#### The task:
Please reproduce the data exactly, though every picture must stay out.

#### Stored data:
^^^^^^^^
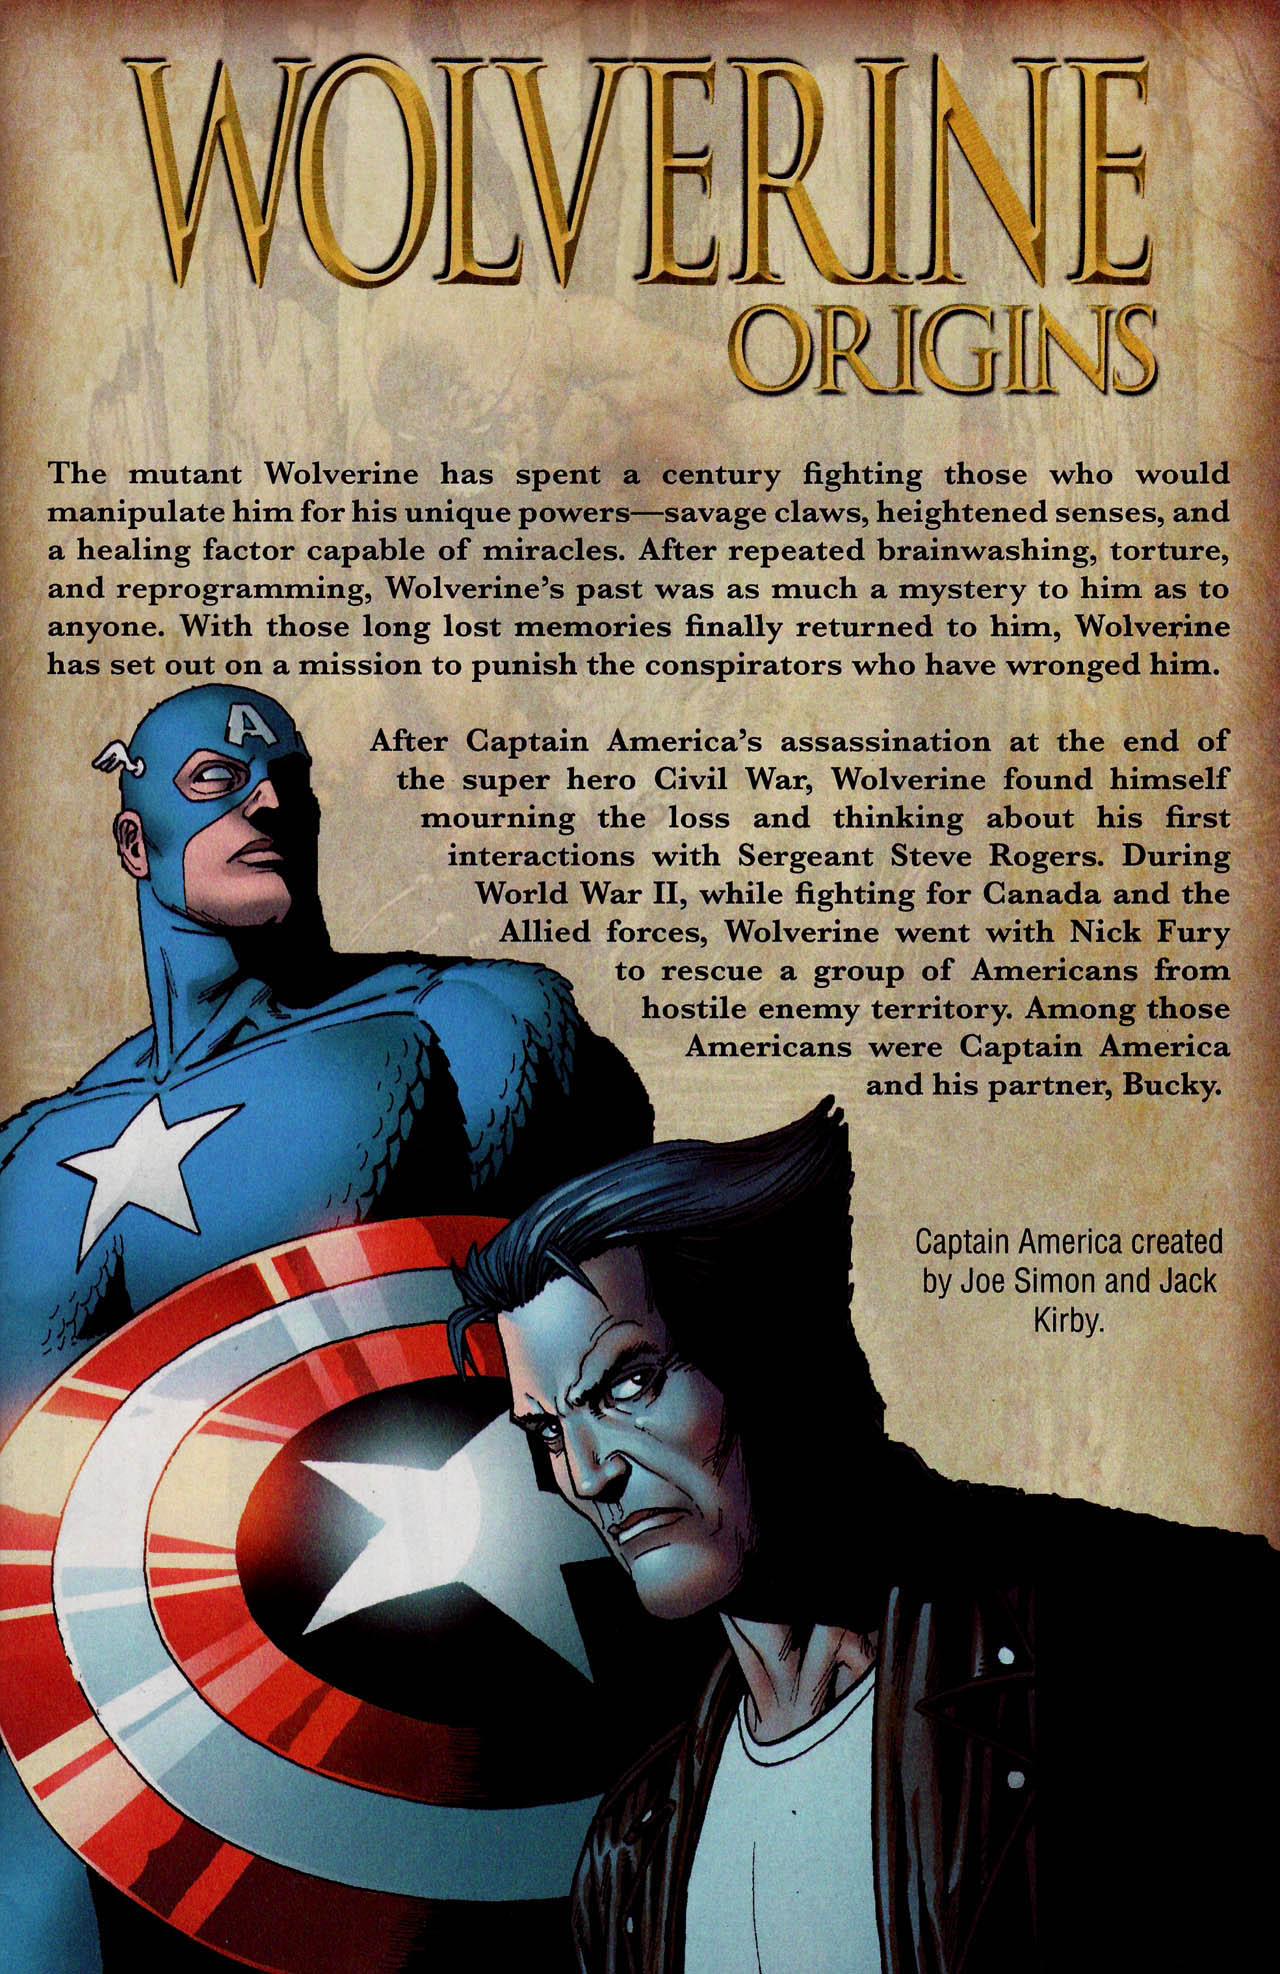 Read online Wolverine: Origins comic -  Issue #18 - 2
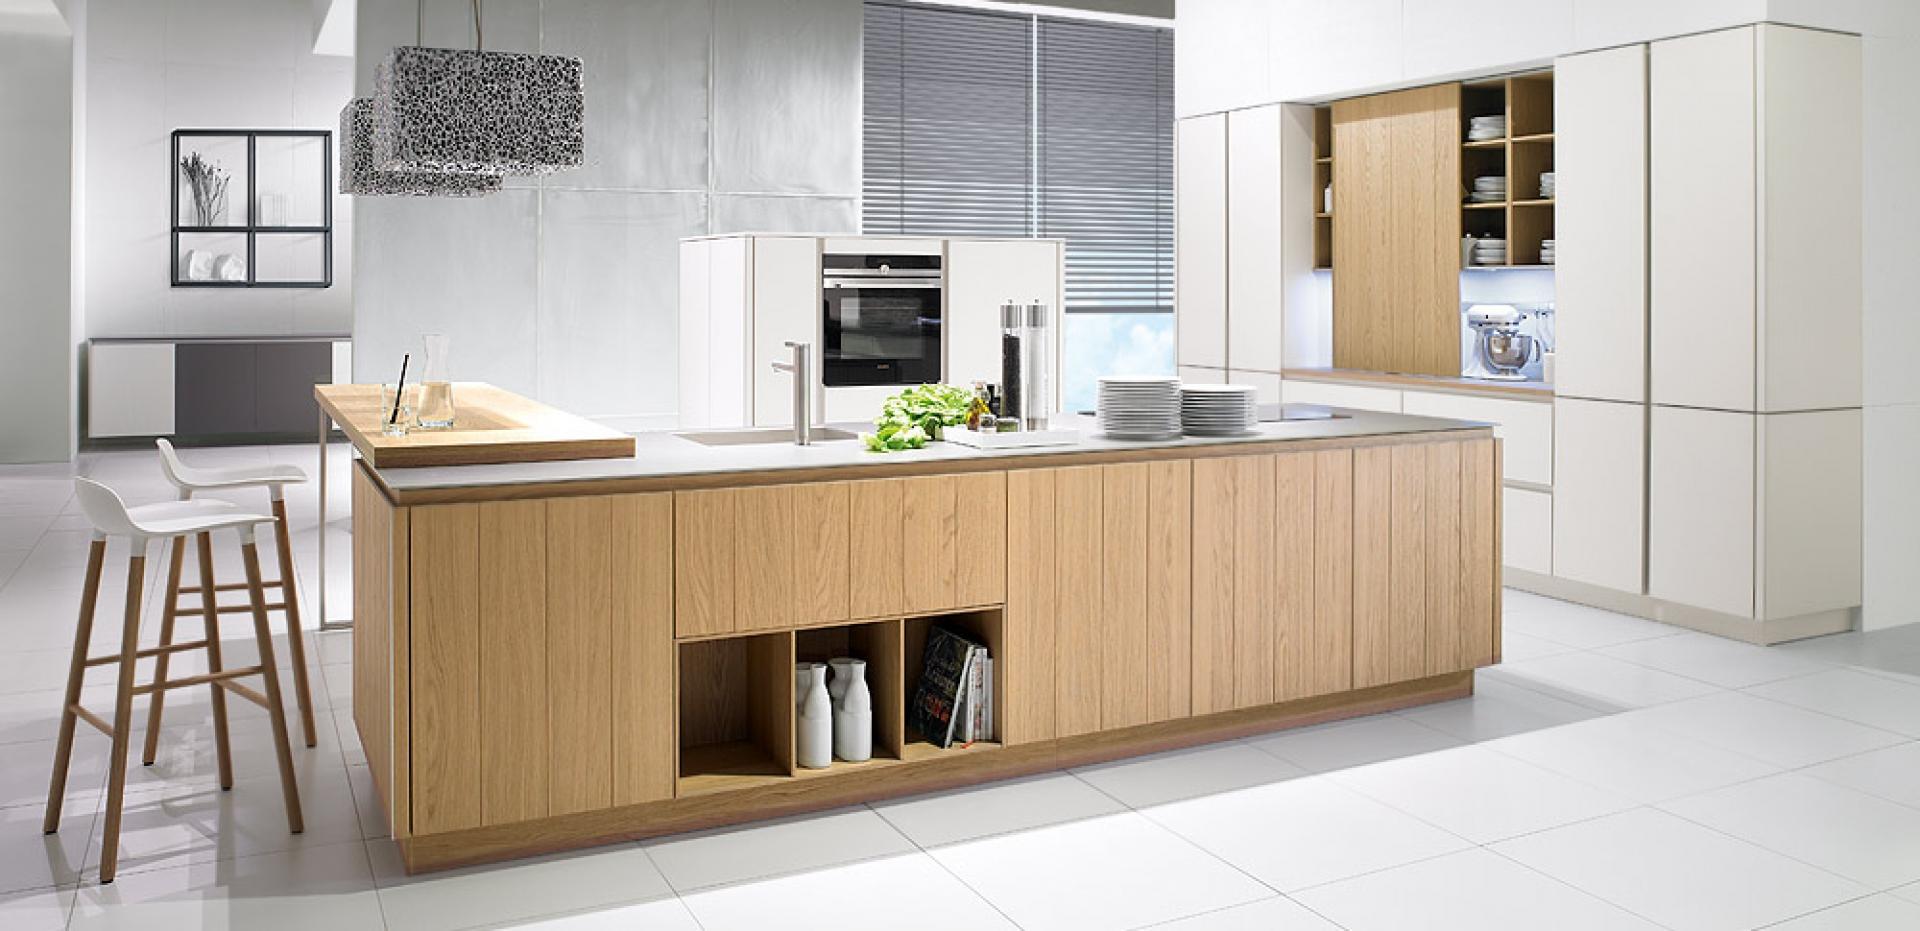 tegels keuken hoogeveen : Nieuwbouwprojecten Keukens En Sanitair Otten Keukens En Sanitair
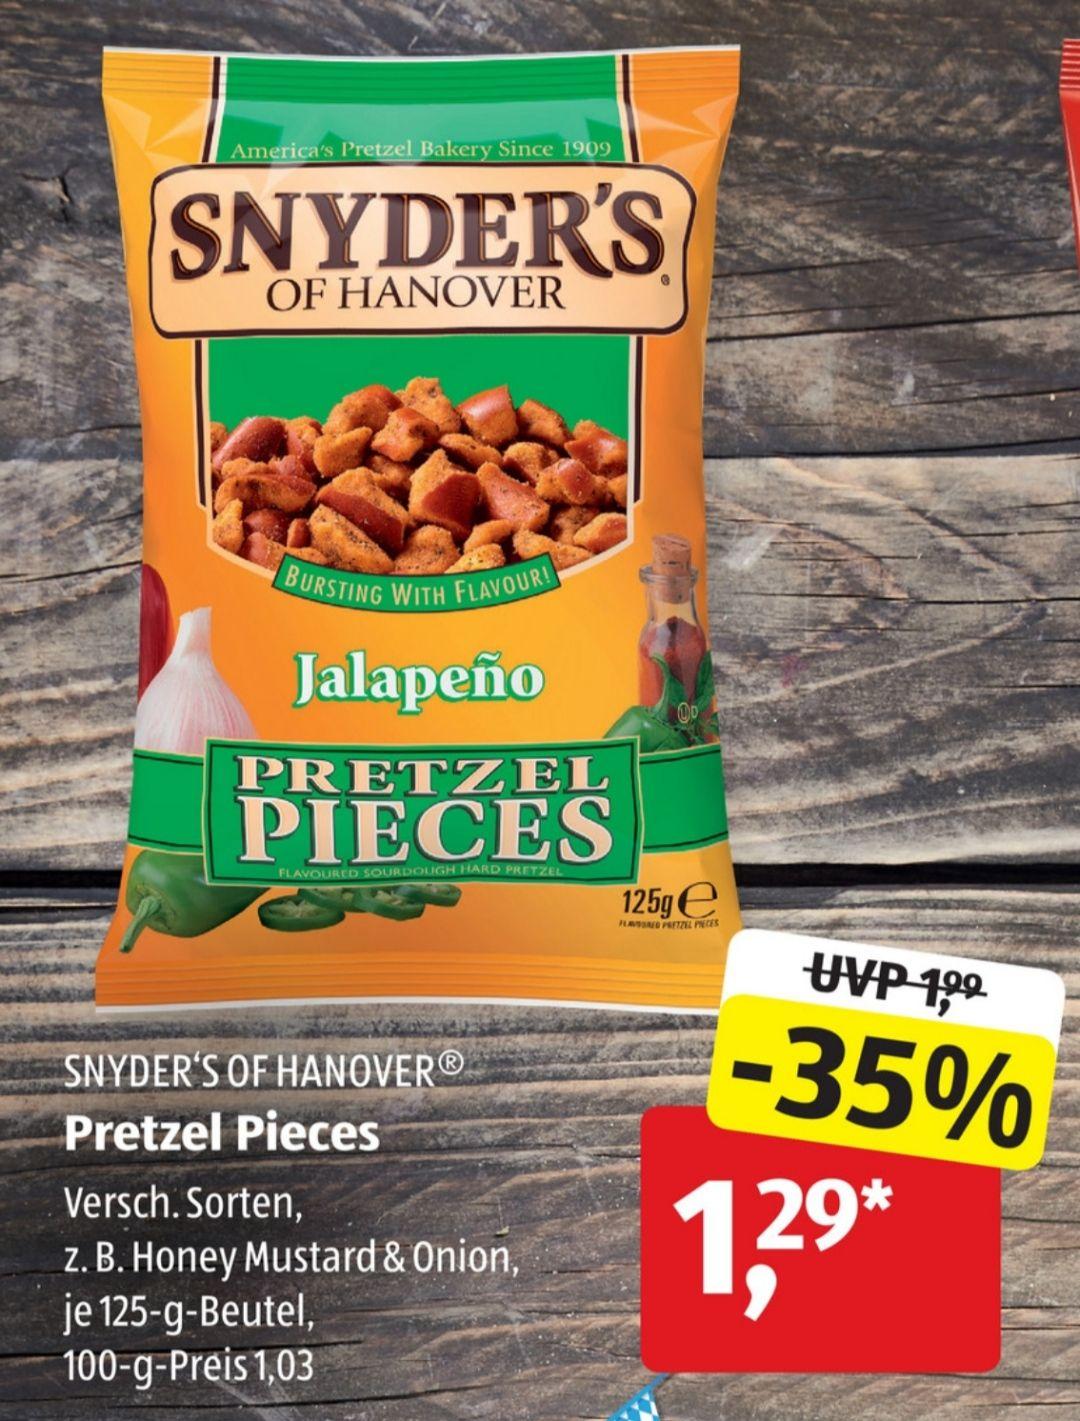 [Aldi Süd] Snyder's Of Hanover mit Coupies Cashback für effektiv 0,79€ (5x pro acc möglich)
^^^^^^^^
#### Task solution:
 Read online Wolverine: Origins comic -  Issue #18 - 2
 tegels keuken hoogeveen : Nieuwbouwprojecten Keukens En Sanitair Otten Keukens En Sanitair
 [Aldi Süd] Snyder's Of Hanover mit Coupies Cashback für effektiv 0,79€ (5x pro acc möglich)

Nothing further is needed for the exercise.